The Human Annotated and Predicted Protein Interaction (HAPPI) Database is a free, open-access, and comprehensive database collection of computer annotated human protein-protein interactions from public data sources and computational predictions.
The database was developed by exhaustively integrating publicly available human protein interaction data from BioGRID,I2D, IntnetDB, HPRD, and STRING databases into a data warehouse powered by our Oracle 11g relational database server. In the data warehouse, various types of sequence, structure, pathway, and literature annotation data from established bioinformatics resources such as NCBI, PubMed, UniProt, HUGO, EBI, PDB were also integrated.

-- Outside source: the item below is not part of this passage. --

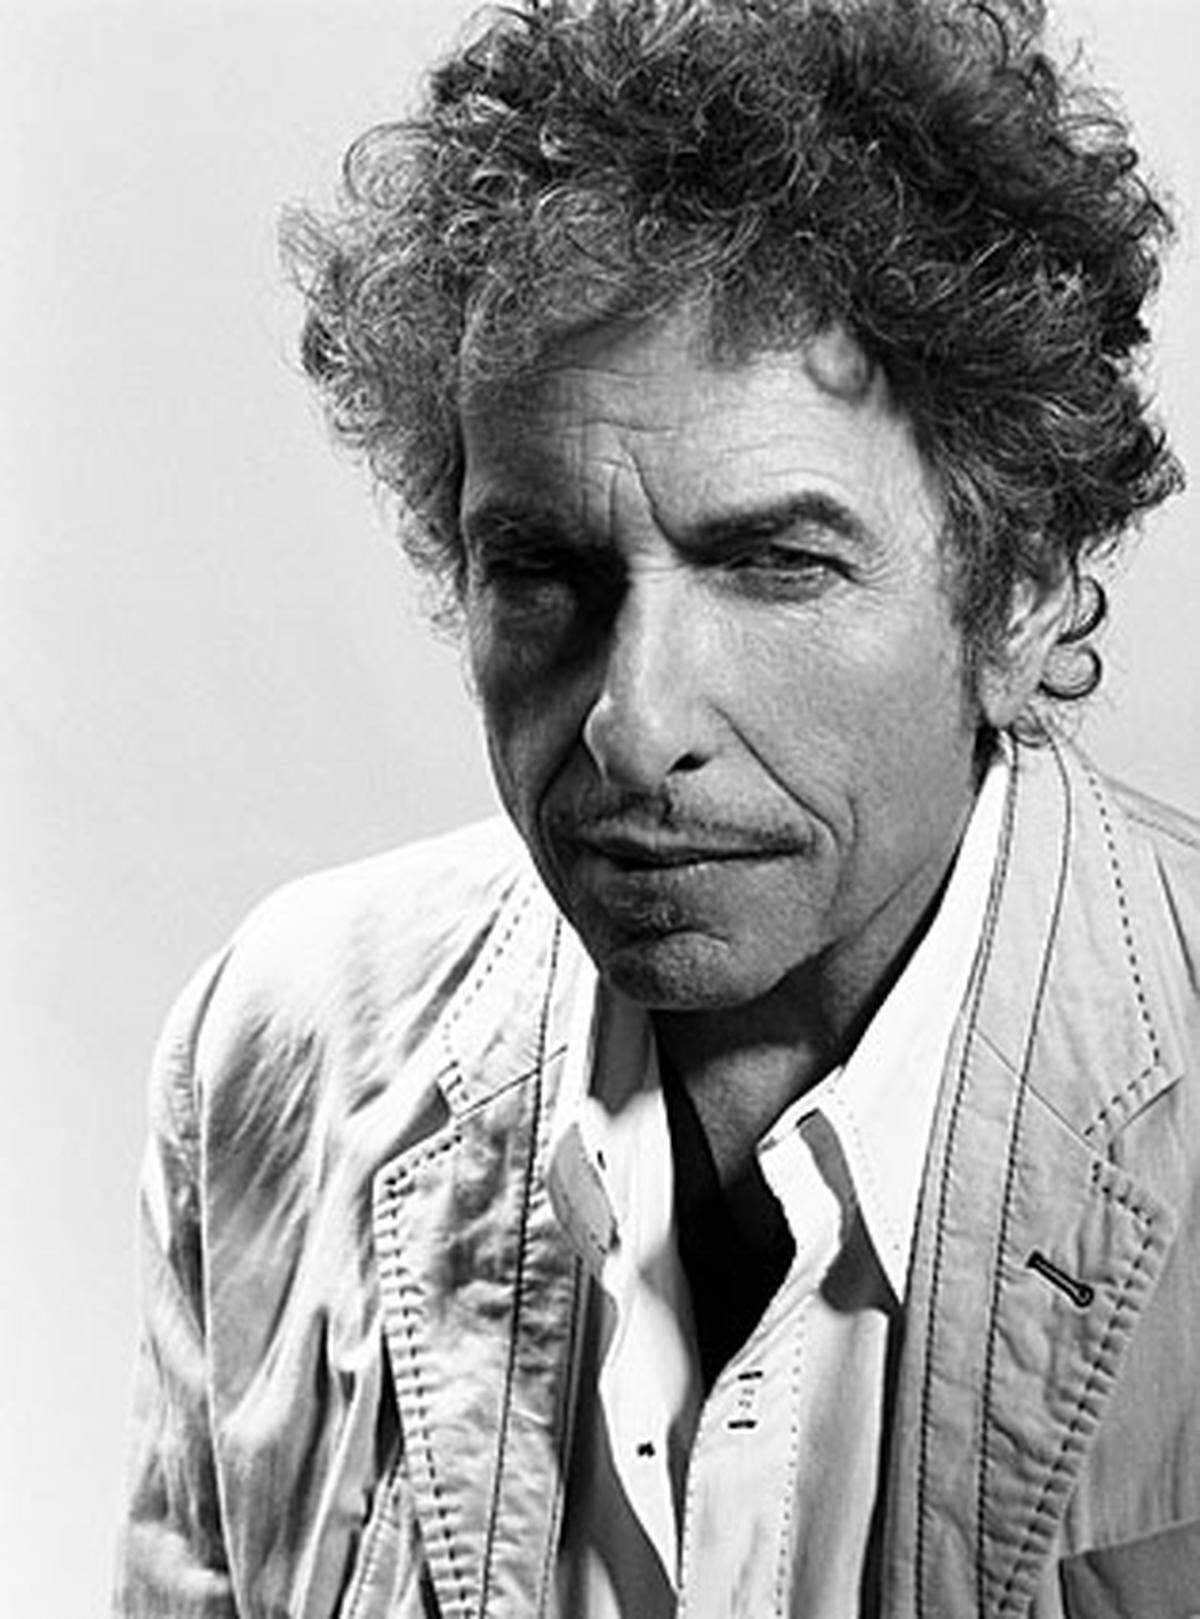 Mit Beginn der 80er Jahre schlitterte der amerikanische Folk- und Rocksänger Bob Dylan in eine musikalische Krise: Schlechte Rezensionen, Alkoholprobleme, Rückzug ins Privatleben. Erst Mitte der Neunziger trat er wieder breitenwirksam auf, das erfolgreiche Comeback gelang ihm schließlich mit dem Album "Time Out Of Mind". Dieses wurde gleich mit drei Grammys überhäuft, weiters folgten ein Golden Globe sowie ein Oscar für den besten Filmsong.

Our long-term goal is to develop a new type of protein interaction database resource for biomedical scientists, who are interested in evaluating biological significant protein interactions, developing disease pathway models, and identifying disease drug targets or diagnostic biomarkers.

Why HAPPI?

In the current release of the HAPPI database, users can examine protein interaction in many ways.

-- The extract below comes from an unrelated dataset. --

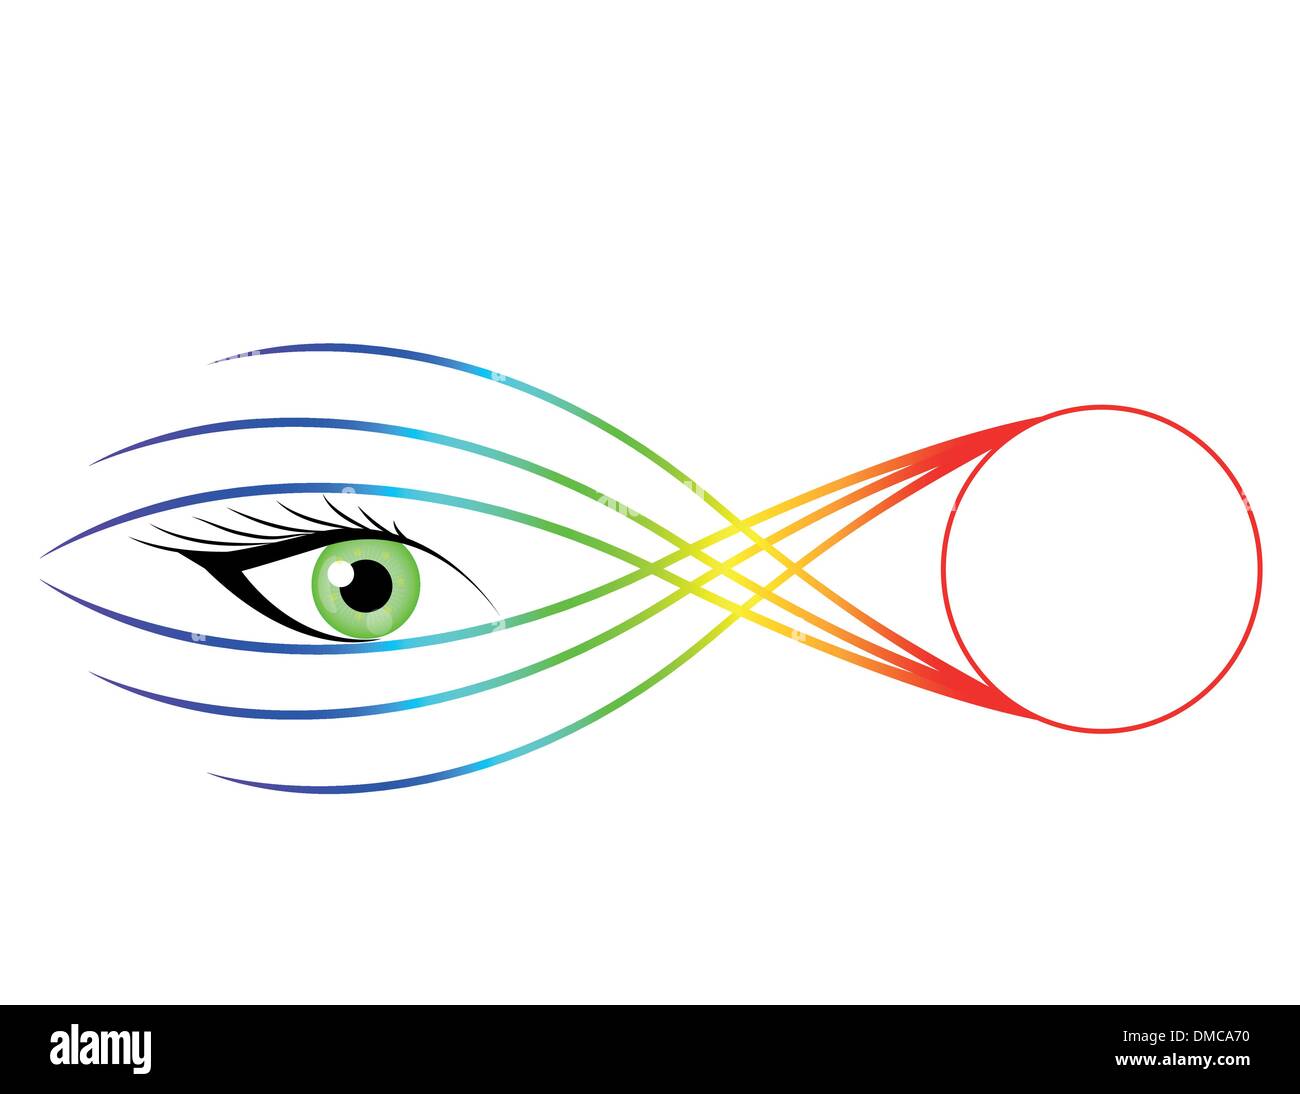 Impressionante illustrazione dell'occhio. Illustrazione Vettoriale

  • The database is very comprehensive, containing 2,922,202 non-redundant reliable human protein interaction pairs among 32,125 human proteins (identified by UniProt ID) as of released in November 2010. In other major public protein interaction databases, the average reported human interaction pairs range from a count of 10,000 to 45,000.
  • Each interaction in HAPPI is assigned a confidence score between 0 and 1 and a corresponding converted confidence rank stars of 1, 2, 3, 4, and 5 (read the next section here for details). This scoring framework provides a unified framework for users to choose an appropriate reliability level (and therefore, a subset) of interactions for their own study. While "total protein interactions" represented in the HAPPI databases at all star ranks exceeds 1.2 million entries, HAPPI database defines "reliable interactions" stringently, requiring a "reliable interaction" to have a score of 0.75 and above (4 or 5 rank stars) to be included.
  • Each interaction in HAPPI is computationally annotated with bioinformatics data including biological pathway, gene function, protein family, protein structure, sequence features. The convenient convergence of these information enhances user's ability to examine the biological validity and significance of specific interactions and their relevance to disease specific studies.

How to Cite this Work?

For both in-depth technical details and citation of this work, please refer to the following article:

Jake Y. Chen, SudhaRani Mamidipalli, and Tianxiao Huan (2009) HAPPI: an Online Database of Comprehensive Human Annotated and Predicted Protein Interactions, BMC Genomics, Vol. 10, Suppl 1: S16 (free access here)

System Architecture

HAPPI database is developed as a classical 3-tier data-driven web application.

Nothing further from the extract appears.